Home care in Ontario is now under review by the province, but generally is co-ordinated by a separate agency. Care for a single individual can involve a number of contract staff, sometimes from different providers. Under this model, hospital staff and community workers are a single team. Nurses, personal support workers and other professionals making home visits have weekly rounds to share information. They treat clients with similar conditions and get training and support from the hospital, so they gain expertise and know, for instance, when a picture of a wound might need to be sent to a care co-ordinator for a doctor to review.

Each patient leaves the hospital with a 1-800 number that puts her in touch with a member of the care team who has access to her records 24-7 – a safeguard program managers say everyone tests.

Kevin Smith, head of St. Joseph's Health System and an enthusiastic promoter of the model, says there is no reason it can't be replicated. He is proposing expanding it to all of St. Joe's patients who need home care and wants to put care co-ordinators in the emergency room so they can arrange supports to avoid hospital admissions in the first place.

"Doctors like it better, patients like it better, even health-care administrators like it," he said, quoting a former provincial health minister.

By keeping patients out of emergency rooms and allowing them to go home sooner, it also allows scarce health dollars to go further. Results from the St. Joe's pilot show patients spent fewer days in hospital, were less likely to be readmitted and when they were, it was for shorter periods.

Ilene Mulholland, a patient in the program, figures early intervention measures have kept her out of hospital on two occasions. Ms. Mulholland, 79, who has COPD and is on oxygen, said that her home-care team has twice activated her "action plan," when she has had difficulty breathing, changing medications based on standing orders.
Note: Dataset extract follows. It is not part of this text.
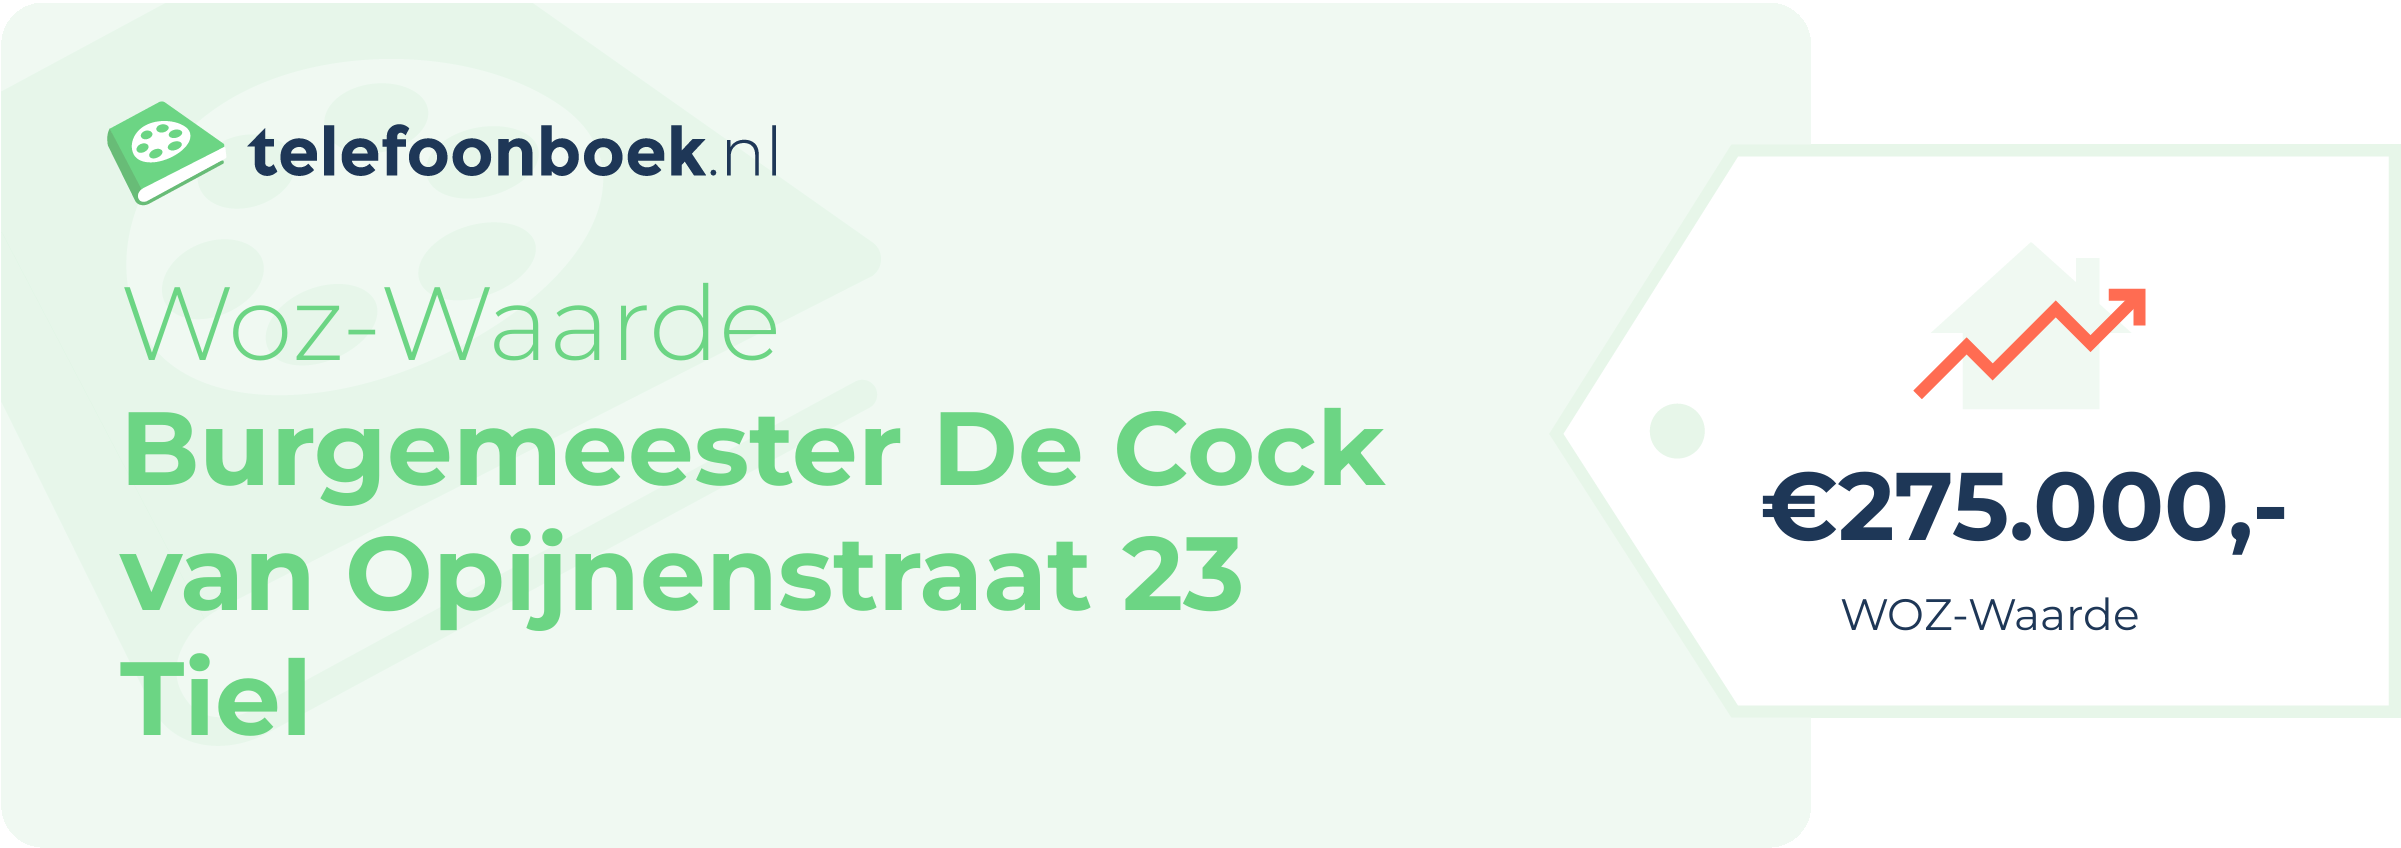 WOZ-waarde Burgemeester De Cock Van Opijnenstraat 23 Tiel

She also has called to ask someone to "pop by" to check her chest. "It gives you a sense of security" she said. "It means a lot."
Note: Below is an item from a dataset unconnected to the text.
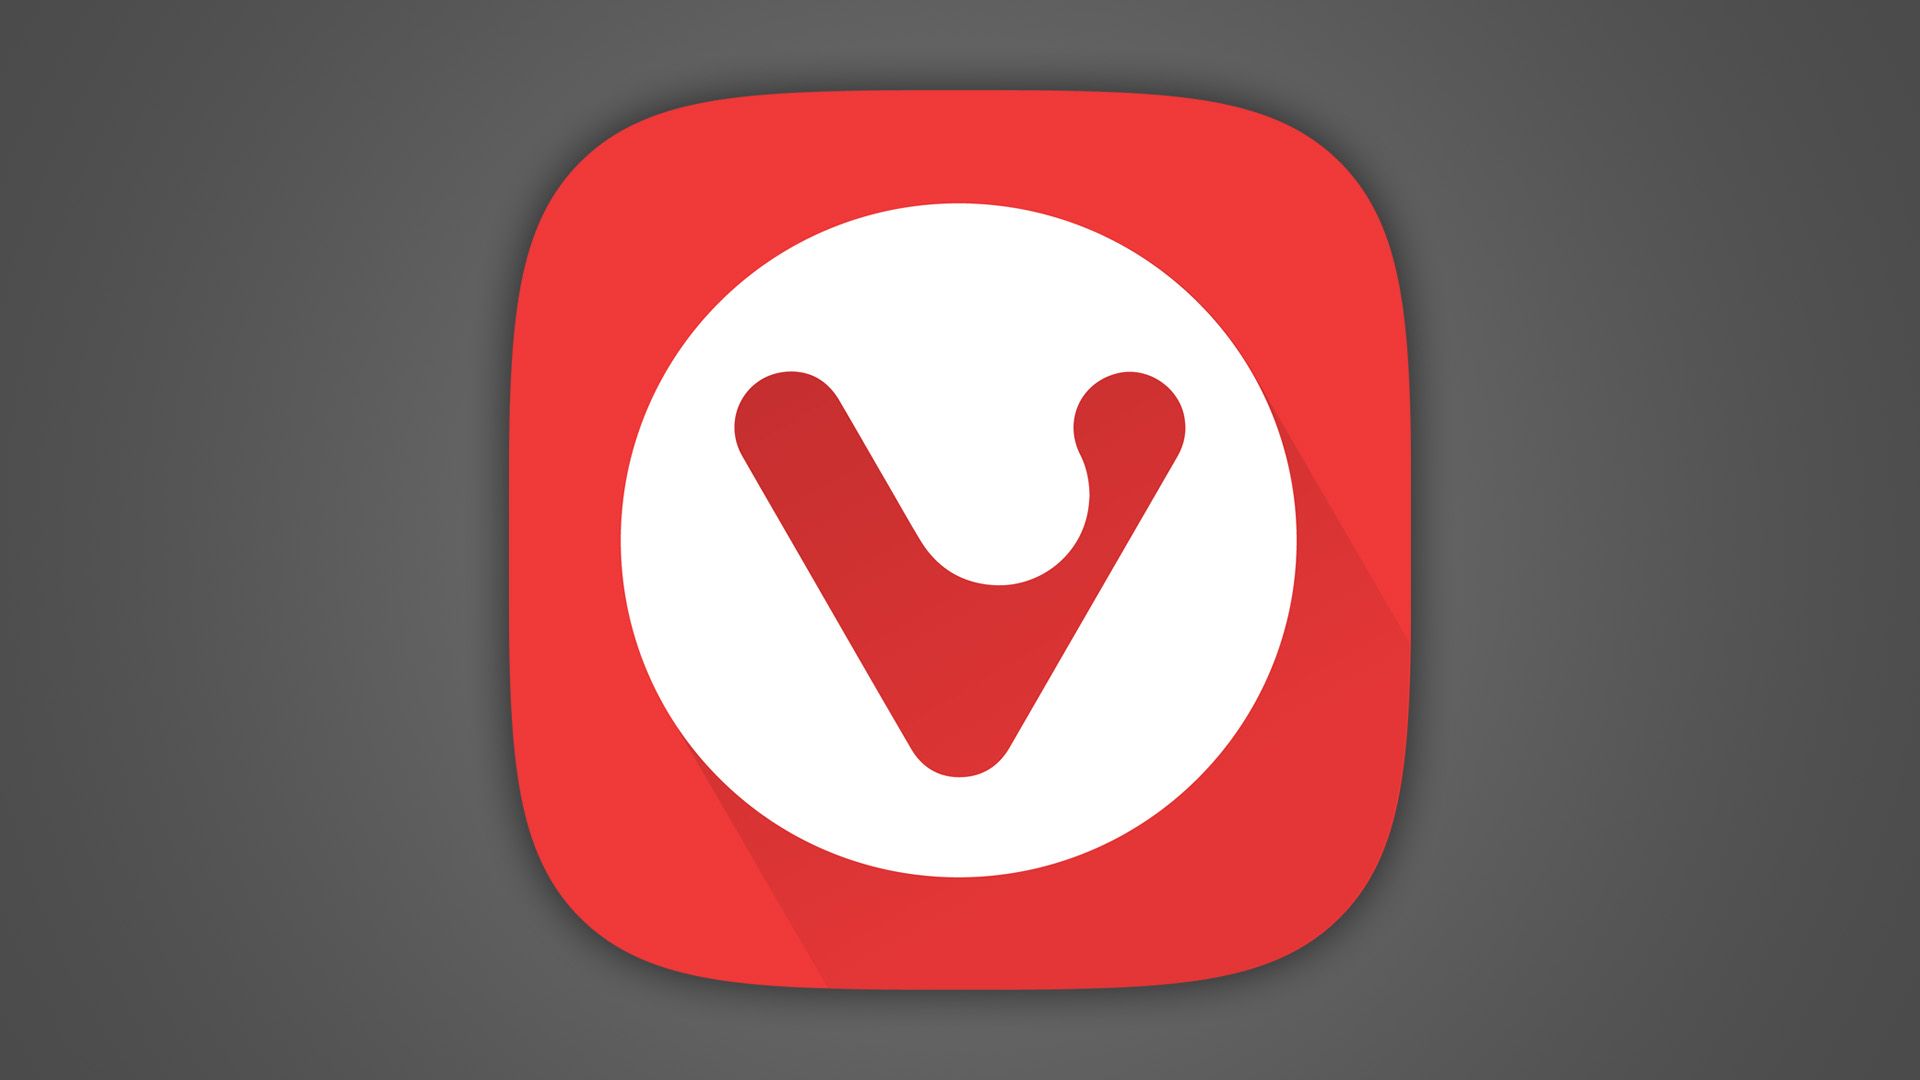 Logotipo de Vivaldi

The bundle-care model is being expanded to nine hospitals at 22 sites in the Hamilton area for patients with COPD and congestive heart failure – about 2,400 annually. It also is being used in Kitchener-Waterloo by another hospital in the St. Joe's network.

Queen's Park is supporting other bundled-care pilots across the province, although some do not include all the elements of the St. Joe's model, such as the round-the-clock 1-800 number.

Donna Cripps, CEO of the local health agency that includes Hamilton, said the aim is to gradually "scale and spread" the model across the region with hospital and physician support.

For decades, she said, health-care funding has gone to the provider rather than the people in need of care. Under this model, money is "carved out" of hospital and home-care budgets and directed to patients. "It really is a fundamental change in the way we look at funding health care," she said. "To me that is the difference."

Dr. Adili at St. Joe's says improvements are still needed, such as more training for home-care staff, but he never wants to return to the old system in which he had no idea of the level of care his patients would get in the community and where live interaction with home-care staff was almost non-existent.

"It almost feels embarrassing we didn't do it sooner," he said. "It is so simple."